The Thai hostess equally acts in the sphere of illusion but in a much more involving way: she is able to totally immerse herself in the role of mistress or girl friend to the extent that the illusion of reality is complete.

There is a sublime element of irony in this: the illusion of romance is almost real and “real” romance is ultimately an illusion. The hostess, the lover and the “real” girlfriend or wife are all acting in a fantasy play. The difference is that the hostess brings an element of artistry to the play, casting an ironic light over the pathos of the “real lovers”. The image of a romantically overcharged Westerner together with a Thai bar girl acting her professional role is loaded with irony. It would take a Luis Bunuel to portray this irony like he did in “That Obscure Object of Desire” with the superb Fernando Rey portraying the aging bourgeois gentleman’s vain attempt to buy the love of the beautiful young object of his lust, evasively and seductively played by Carole Bouquet and by a second actress, the equally beautiful and sensual Angela Molina! Actually I do think that the Bunuel movie quite accurately parallels the odd coupling between the typical Western Romeo and the Thai bar hostess. Indeed many Western males are so singlemindedly focused on Thai women as “objects of their desire” that they, like Bunuels gentleman (and we the public!) fail to detect she can be more than one person – or rather that there really are two persons.

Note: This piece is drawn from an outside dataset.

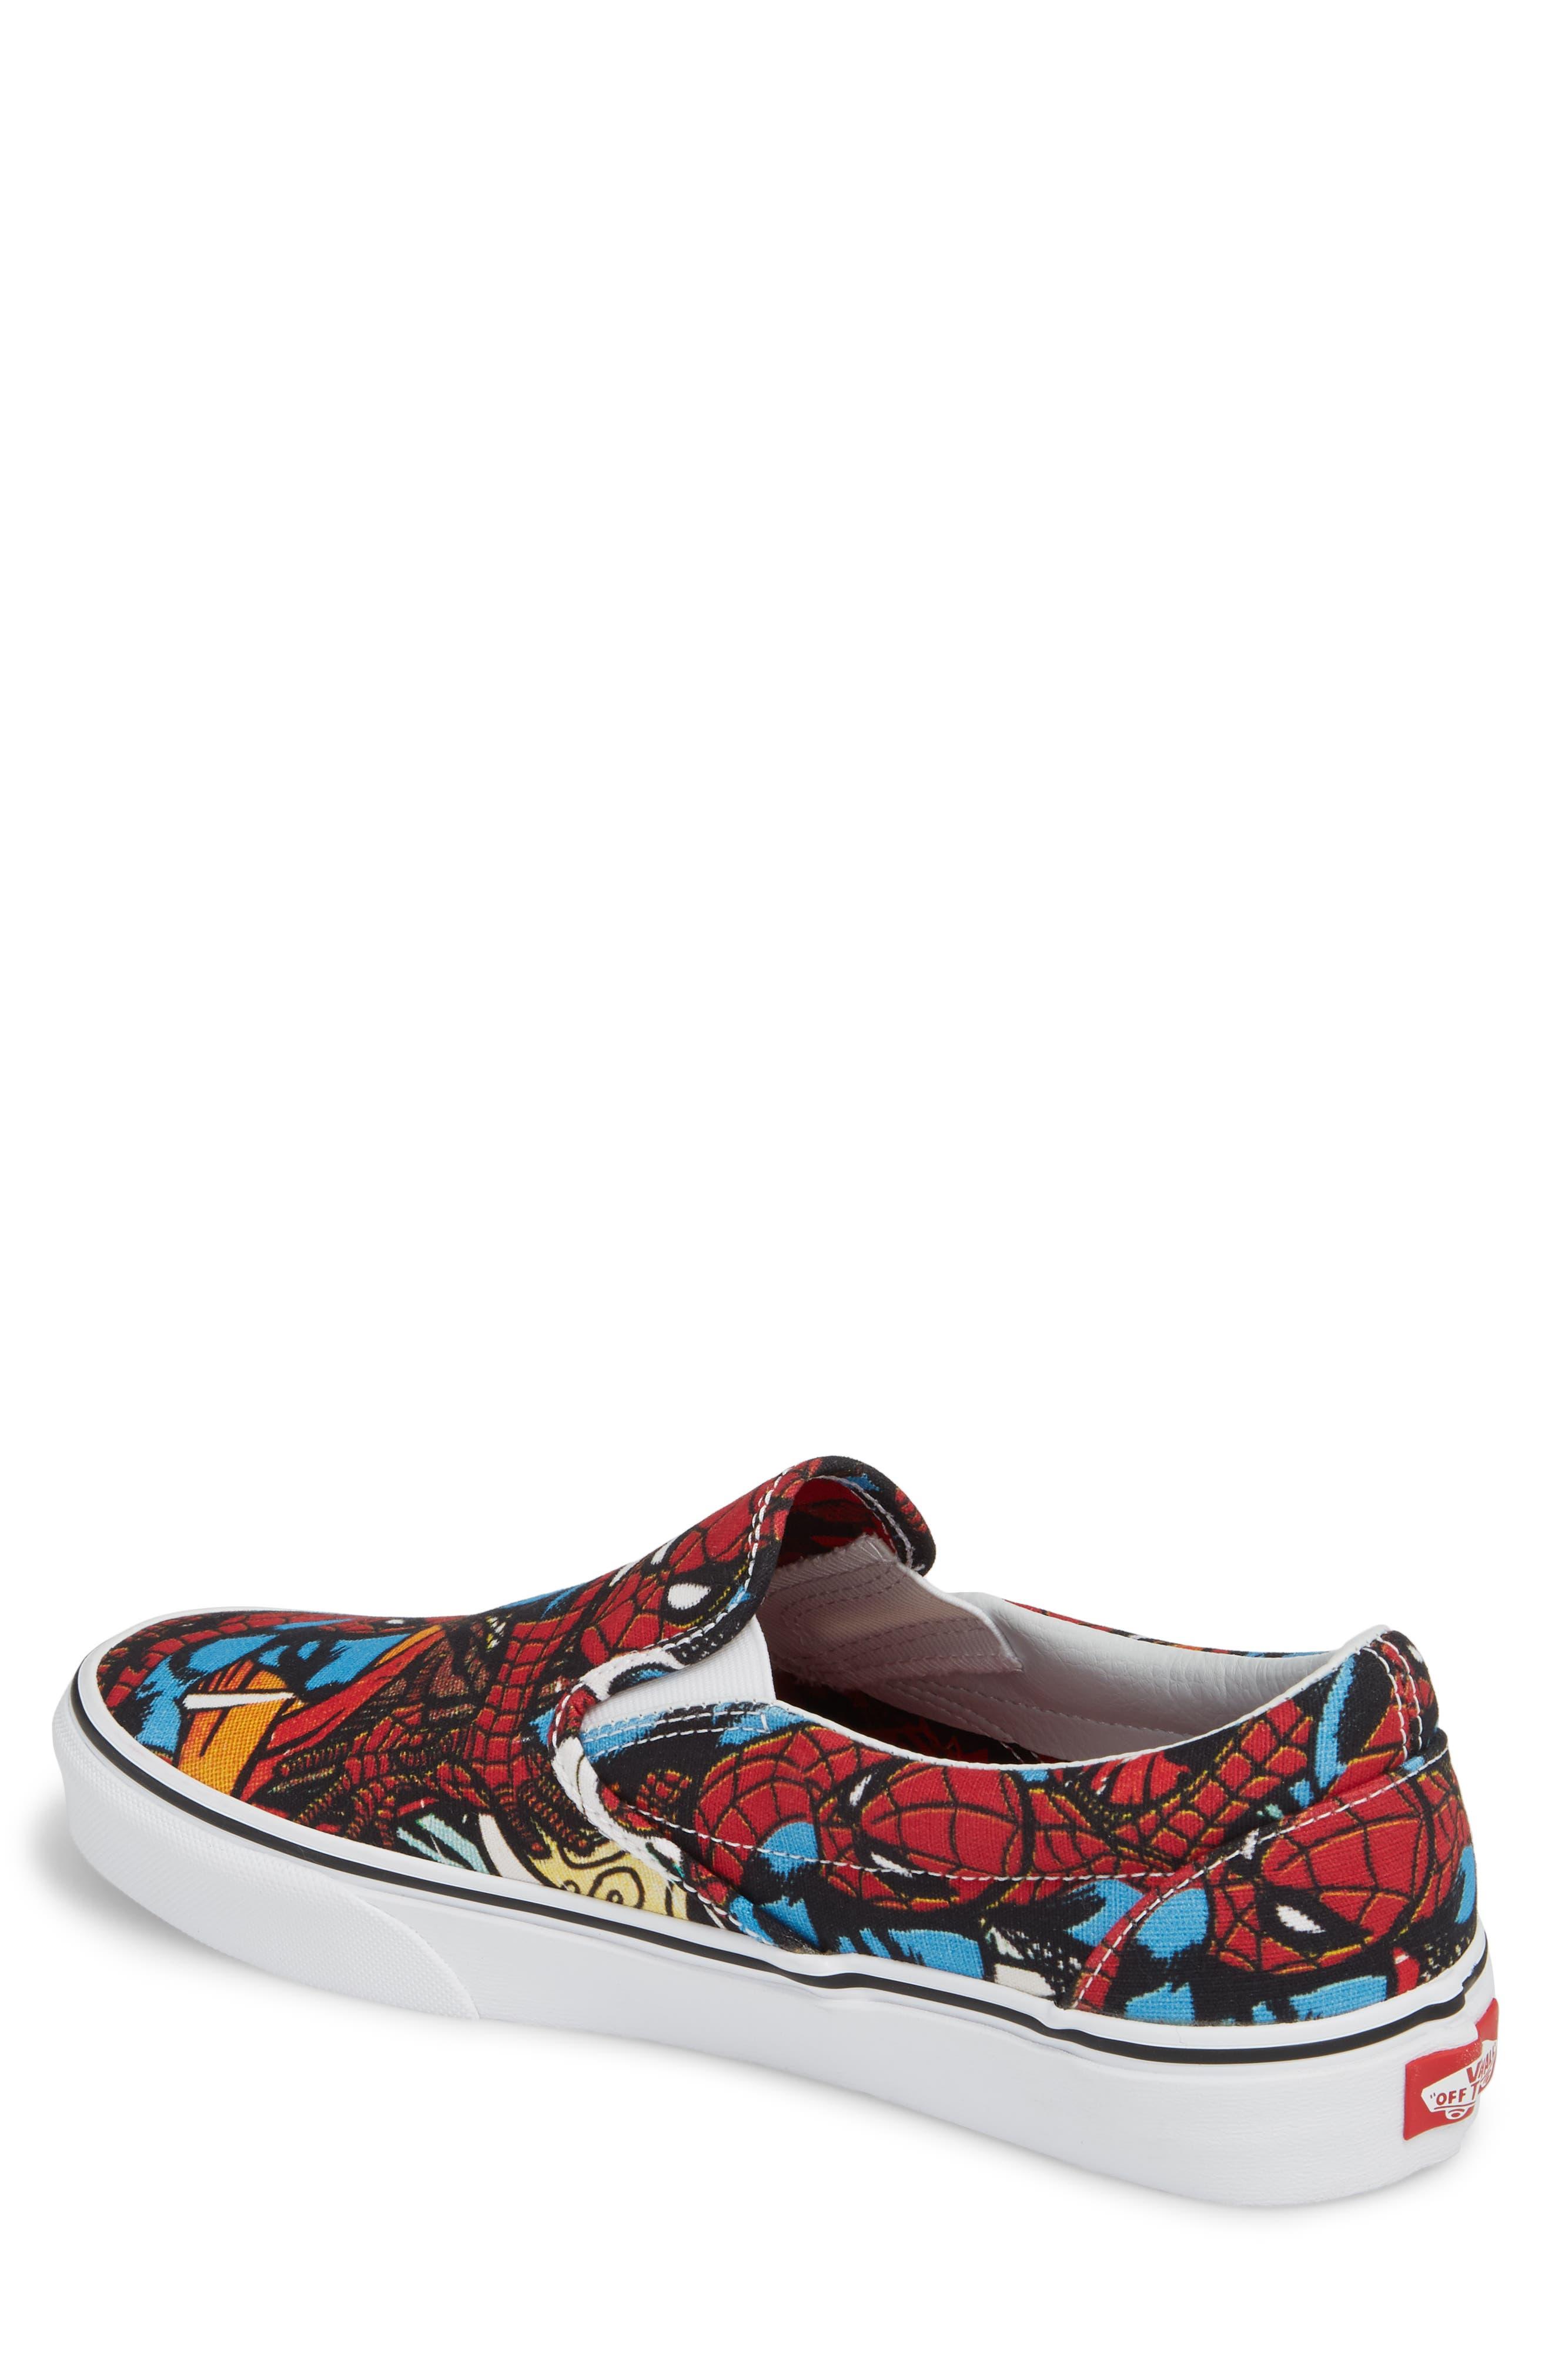 Marvel UA Classic Slip-On Sneaker,                             Alternate thumbnail 2, color,                             Black/ Red Textile

Obviously, it happens that the hostess transcends the frontier between illusion and love and really falls in love with her partner. But then she appears to possess an ingrained sense of the futility of her feelings, to be subconsciously aware of the inevitable illusionism of romance, and quickly adapts to acting her role with a new partner as soon as the previous one has returned to his home country. As to him, he will continue to live under the spell of illusion, maybe sending money to her, buying a house for her and doing other extraordinarily strange things, finally succumbing into pathetic misery until he one day wakes up, hopefully wiser. Or so they say on this web site; frankly I have never heard anything first hand to verify that such utterly eccentric behaviour on the part of the male Westerner is common.

A Bangkok bar hostess carries in her personality and attitude setup all those traits attributable to the Thais in general. This typically means a strong emphasis on surface value in relation to other people, which obviously corresponds well with her professional activities. Surface is the meaning, there is no hidden meaning beneath the surface. The illusion of romance, even the fake of it is all there is; this attitude explains how easily she can act out her emotions as if they were real; indeed, at the moment they are in a way real, though, at the next moment they are gone or, again, directed towards another partner.

The emphasis on surface values also corresponds with the obsession with face, gaining or – not being an option – losing it. Life on the surface also implies emphasis on appearance such as dress style and behaviour, although coupled with a surprisingly tolerant attitude towards the faux pas commonly committed by the typical Westerner.

Those are typical text book remarks but this “serious” superficiality affects a hostess’ relations with men. In order to live her life on the surface at its fullest she needs to clean her mind of all “noise”or mental ”garbage” such as problems, sorrows, worries about the present and the future, in short all negative emotions. This cleaning act spills over to her partner as well, adding a certain lightness of spirit to the illusion of romance.

This also means that you cannot expect to involve a Thai bar hostess in a serious discussion about global warming, German domestic politics or gender theory – or in fact about any “serious” matter at all – but then, why would you want to?

Stickman's thoughts:

Perhaps you should have a shot at writing the ultimate Bangkok novel?